▶ [ASSIGNMENT]: The copy you return must begin at the line containing "Brooks Mens Beast" and end at the final line of the listing below, with every picture left out.

▶ [SUPPLIED DATA]:
══════

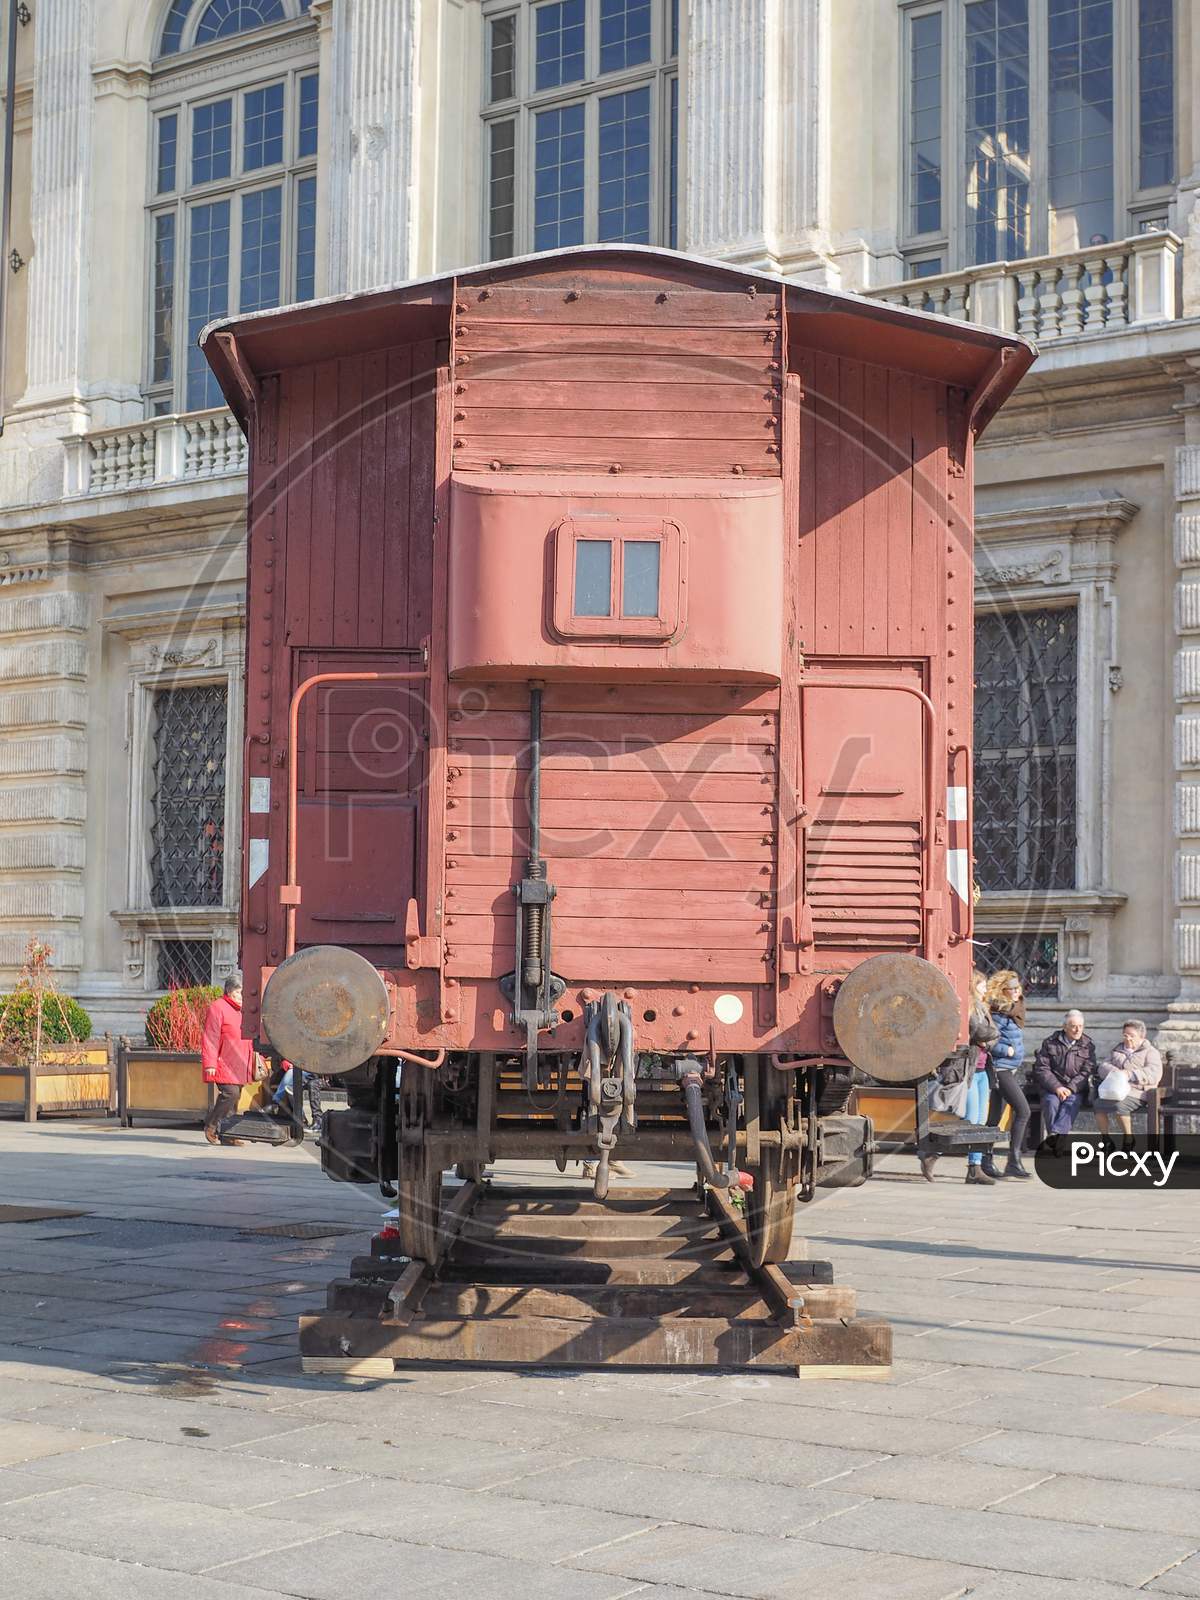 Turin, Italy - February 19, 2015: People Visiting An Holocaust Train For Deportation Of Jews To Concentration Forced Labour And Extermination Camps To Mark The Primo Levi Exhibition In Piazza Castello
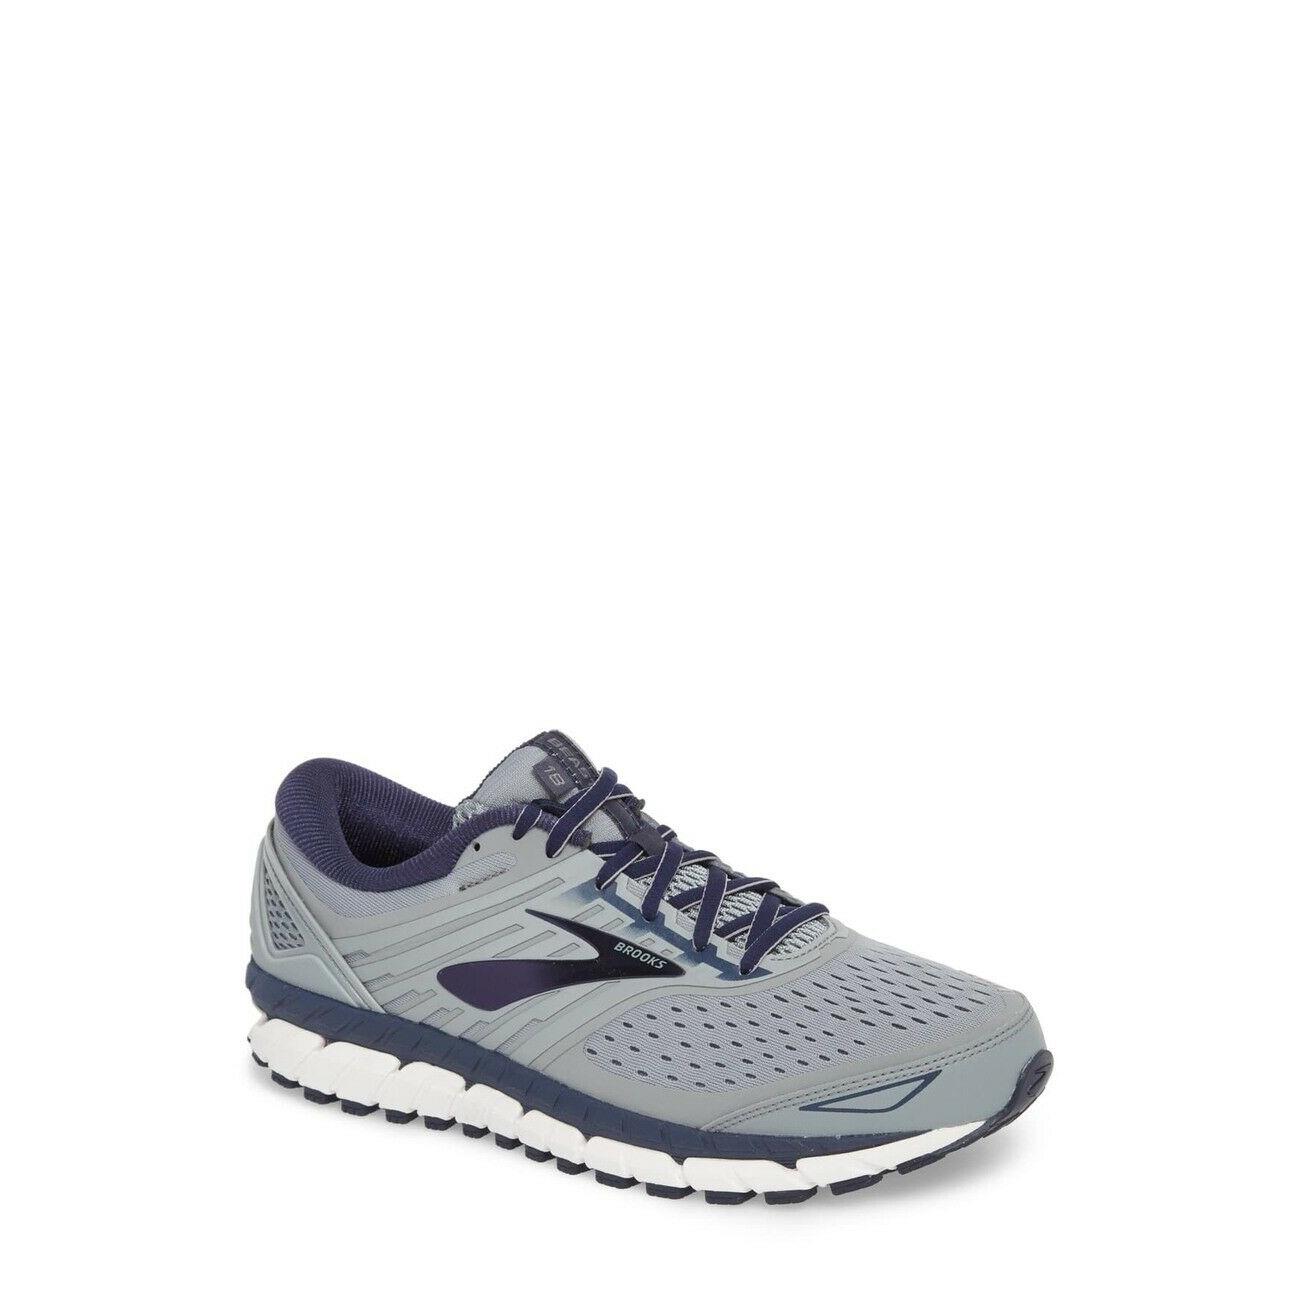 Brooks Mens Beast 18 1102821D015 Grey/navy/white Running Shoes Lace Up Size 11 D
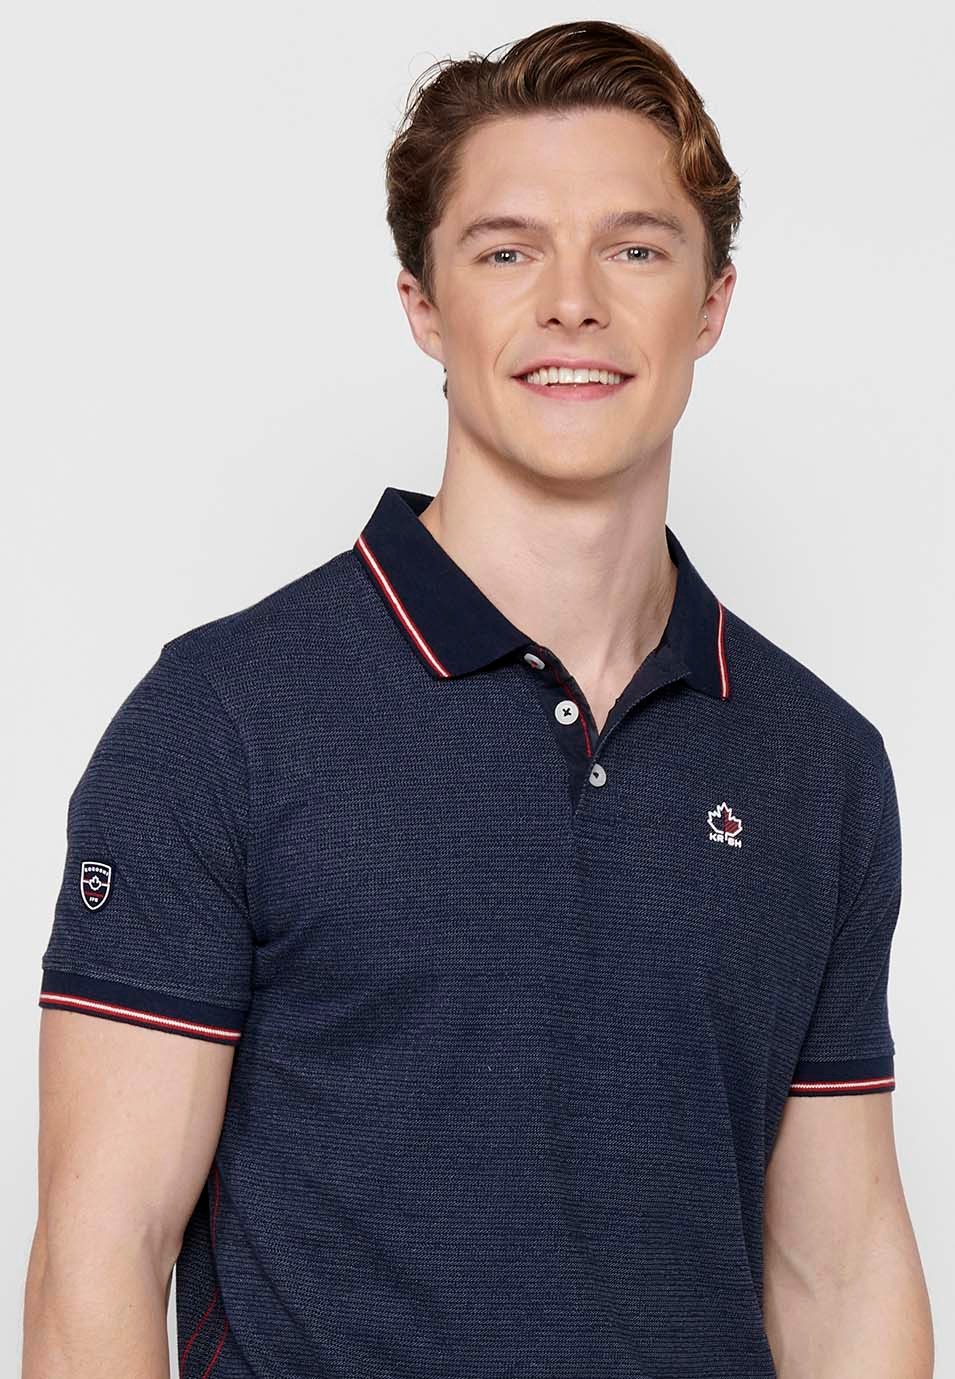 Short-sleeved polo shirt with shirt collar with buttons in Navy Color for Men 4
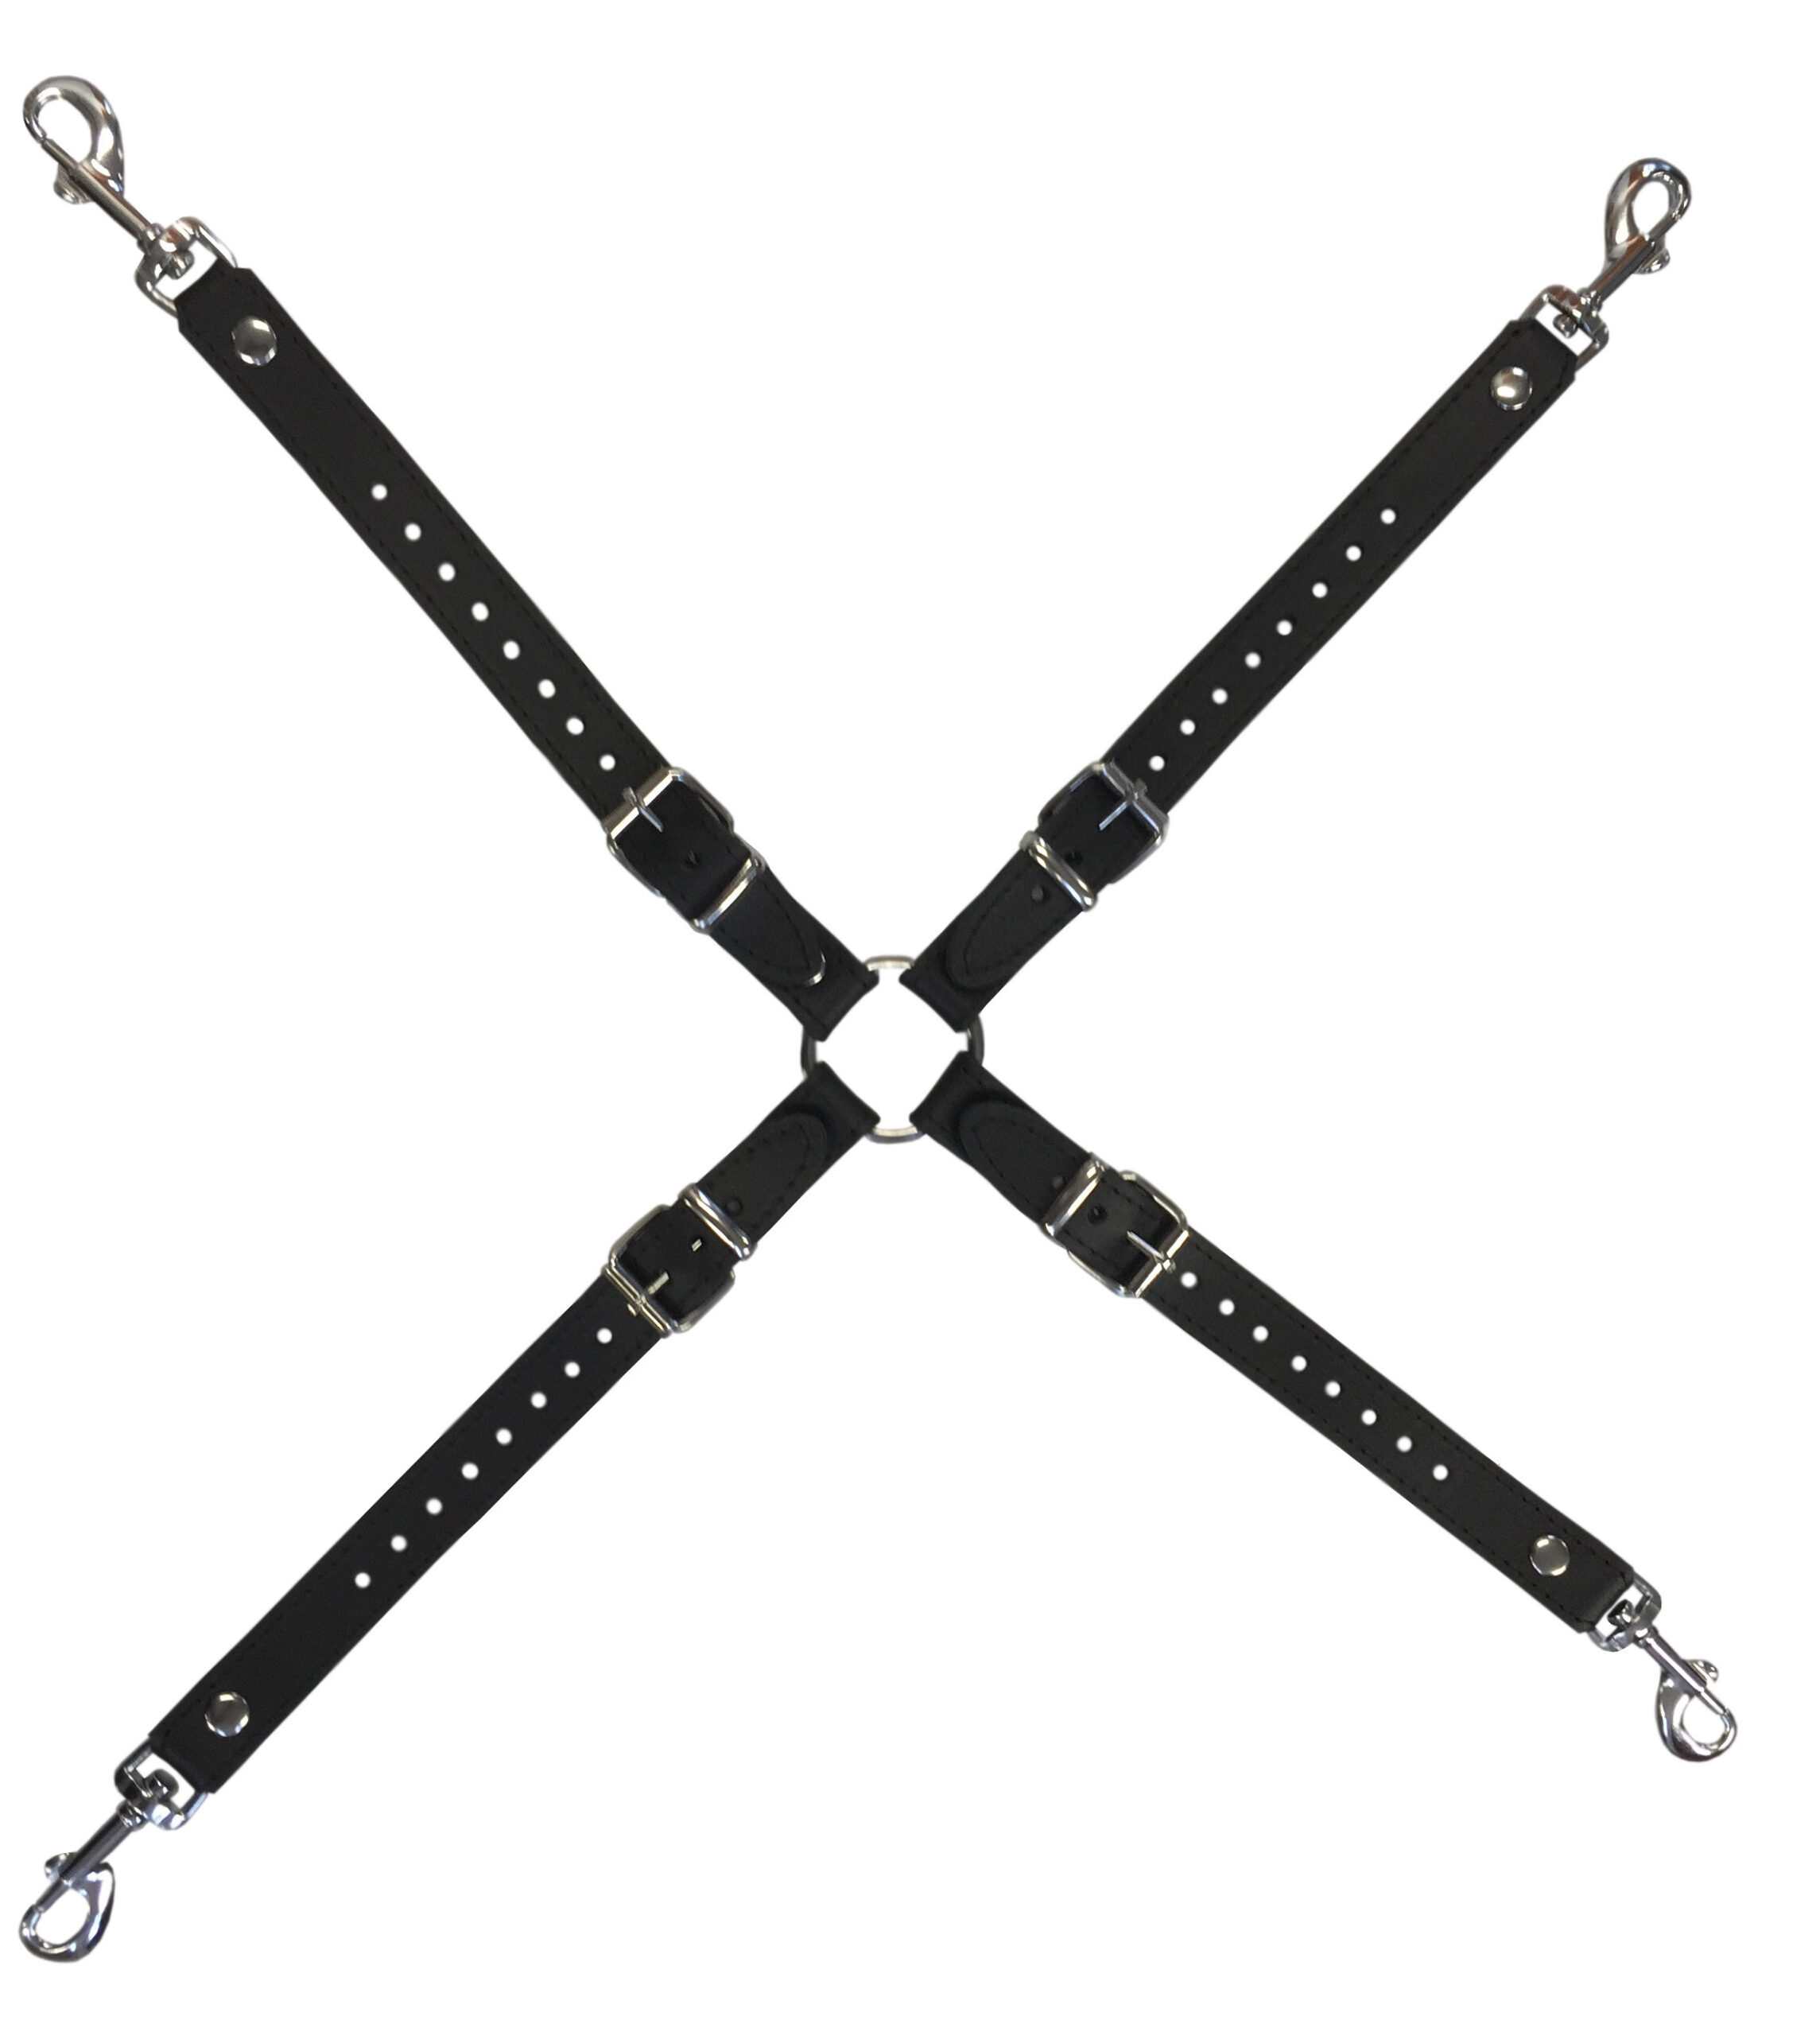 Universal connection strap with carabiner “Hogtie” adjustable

══════

▶ [EXPECTED ANSWER]:
 Brooks Mens Beast 18 1102821D015 Grey/navy/white Running Shoes Lace Up Size 11 D
 Short-sleeved polo shirt with shirt collar with buttons in Navy Color for Men 4
 Universal connection strap with carabiner “Hogtie” adjustable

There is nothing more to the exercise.